Robyn Penmen | Center for Intercultural Dialogue

​Lost in blindness, many relationships express undefined emotions with manipulations, projections and heated words—this is not open communication.

Being Felt

Beyond the words, there must be understanding—understanding of emotions. In addition, we need more than just understanding, but also validation. Our emotions often get lost in words that vaguely convey an underlying personal experience. We want to be others to understand our intimate experience. We want to be accepted. Winning a battle of words fails to soothe our lonely souls. The win is meaningless if we still feel unnoticed and misunderstood ​ A hidden theme beneath most intimate communications is, “Can I count on you?” While unspoken, the search for attachment and acceptance strongly influences human interactions, especially with intimate partners and family.

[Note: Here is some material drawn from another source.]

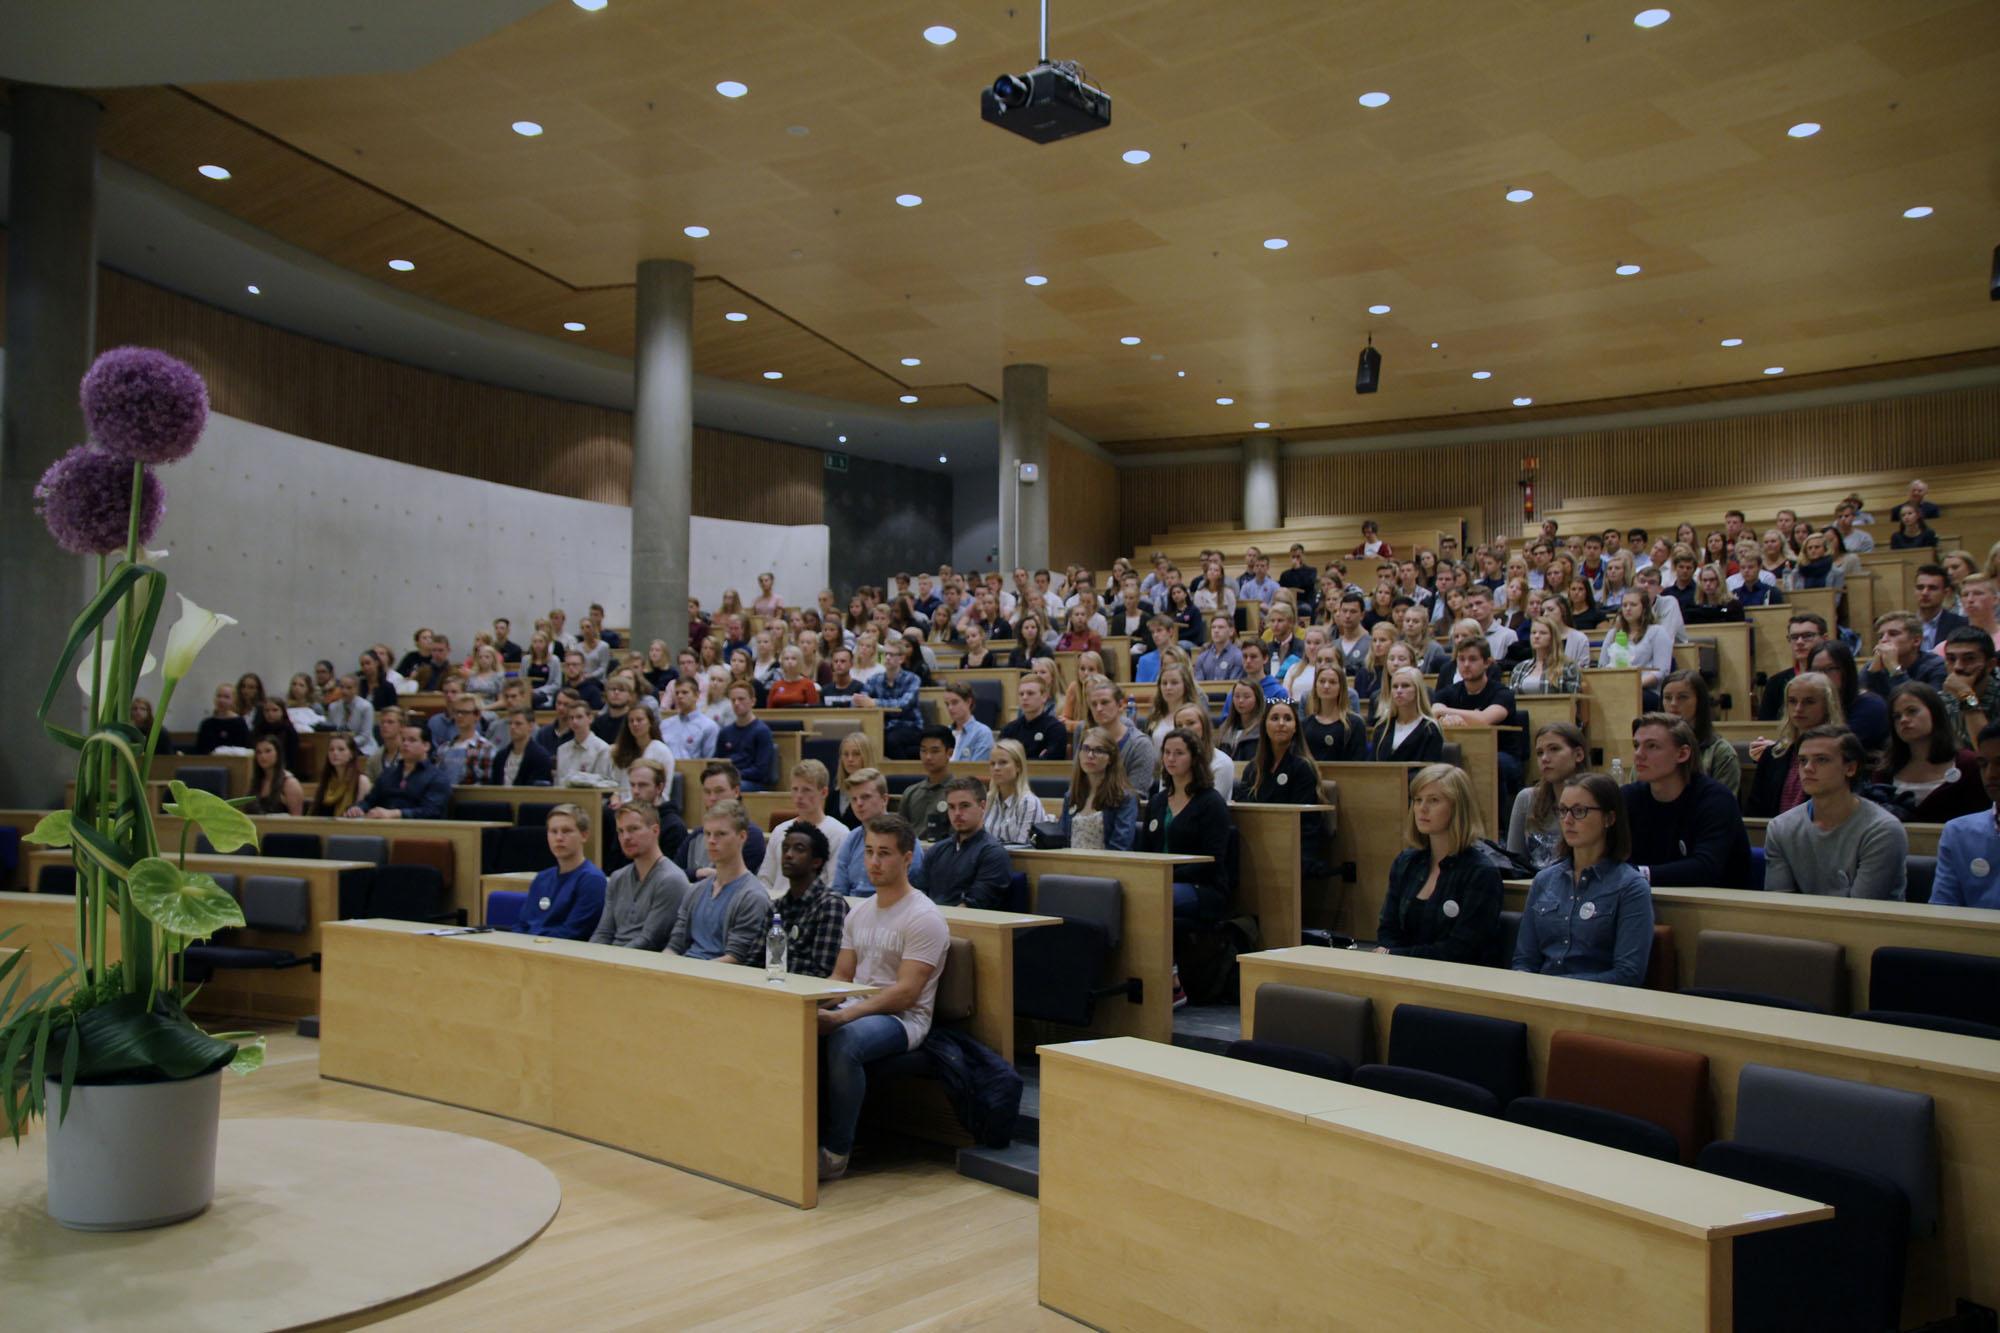 Fullsatt sal under immatrikuleringsseremonien ved fakultetet. Foto: Pernille Feilberg / NTNU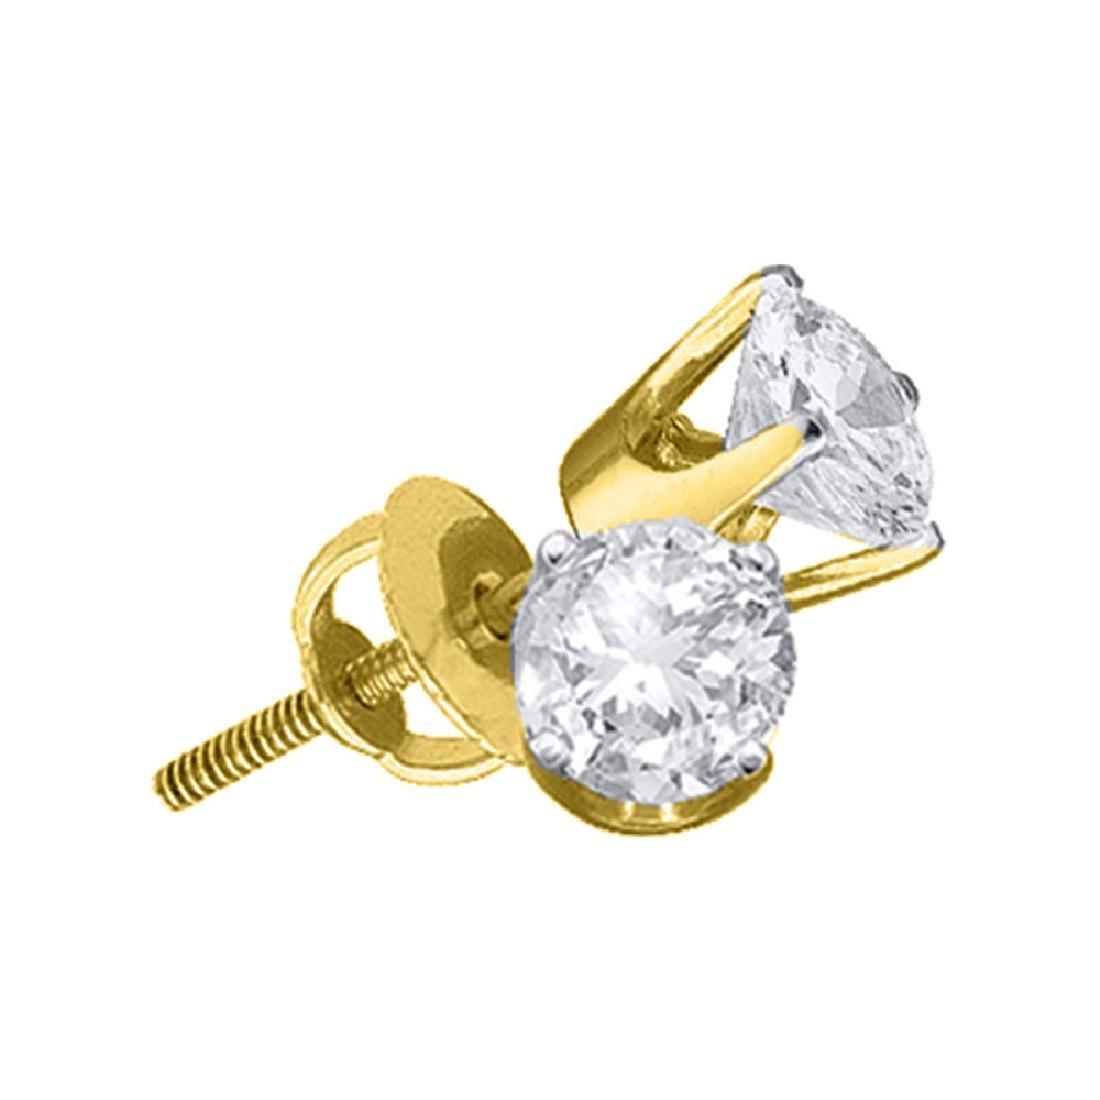 0.39 CTW Diamond Solitaire Stud Earrings 14KT Yellow

“‘Feeling felt’ implies empathy paired with acceptance and presence. It engenders not only understanding, but also resonance.”

Sharon  | Partners in Healing

The search for compassionate acceptance gets smashed against the wall of despair when small concerns ignite a heated battle of wills. Instead of a quick response, or defensive reaction, we must reply to the bid for safety, even when the hazy words trying to express a want are unclear.

​With effort, we can step back and see the distress even when the words don’t match. We should respond to the distress, not the words. ​Open communication solidifies bonds and builds trust—required for intimacy. The healing salve of connection isn’t won through stinging remarks, and words that pierce the hardened heart of a lover. We build connection through a much deeper communication—in a smile, in a touch, in understanding.  The feeling of being felt heals wounds, opens minds, and creates trust.